É possível que, mais tarde, consiga livrar-me do que chamas a minha mania, mas deixa-me extravasar. É necessário que eu alije de mim todos os sonhos para poder empreender nova carreira. Por enquanto é impossível e não quero contrariar as tendências do meu espírito. Demais, quer-me parecer que se pode fazer obra verdadeira com o cenário faustoso. Um homem, pelo fato de andar vestido com uma cabala de seda oriental e de trazer à cinta alfange e turbante à cabeça, não deixa de ser homem. Gautier vivia em Paris vestido à oriental. A alma é como a luz: pousa em toda a parte.

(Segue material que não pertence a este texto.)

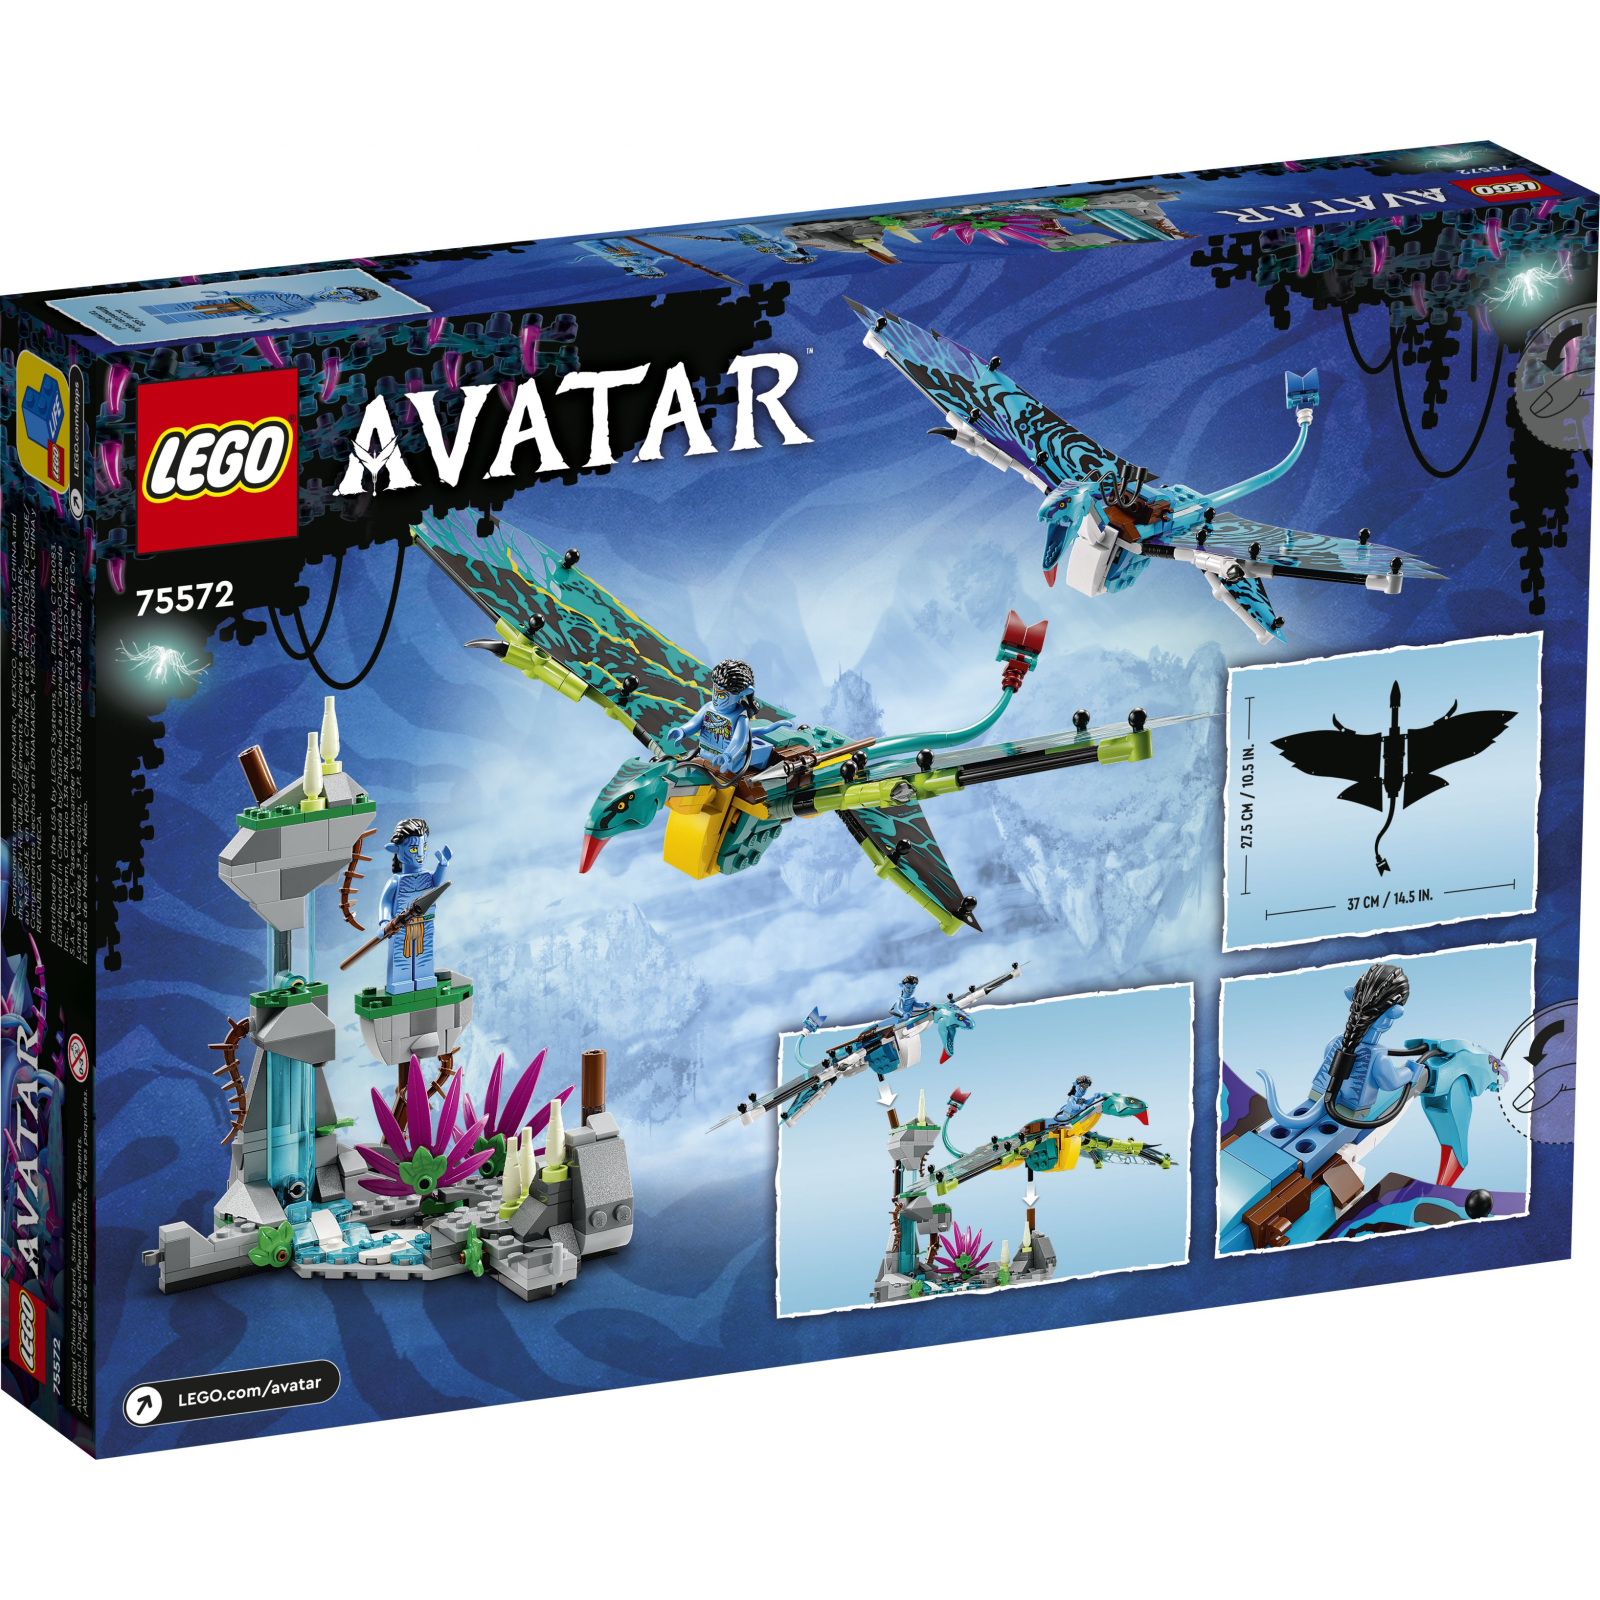 Конструктор LEGO Avatar Перший політ Джейка і Нейтірі на Банши 572 деталей (75572) зображення 7

— Mas queres convencer-me de que podes descrever a vida de Bassora ou de Cachemira como descreverias a vida do Rio Janeiro? Podes fazer o estudo sincero de um homem de Bombaim como farias de um dos sujeitos que encontramos a todo nas ruas? Podes analisar a alma de um pária?
— Posso.
— Como?
— Imaginando.
— Ah! Imaginando... E por que não hás de descrever vendo a dor triste de um homem que sofre a teu lado, cujo pranto vês cair gota a gota, cujas lamentações escutas? Não achas que assim farás obra mais completa, mais viva, mais duradoura?
— No fundo do sonho há sempre a verdade.
— Preferes então sonhar?
— Prefiro.
— Pois meu amigo, acho que fazes mal.
— Pode ser.
— Queira Deus que te não arrependas.
— Não me hei de arrepender.
— Veremos.
— Pois sim.
— Bem, vamos sair. O hotel começa a tornar-se insuportável.
— Para onde vais?
— Para a Cidade do Rio.
— Estás outra vez com o Patrocínio?
— Como secretário da folha.
— Então, até logo. Vou retocar umas páginas. Adeus.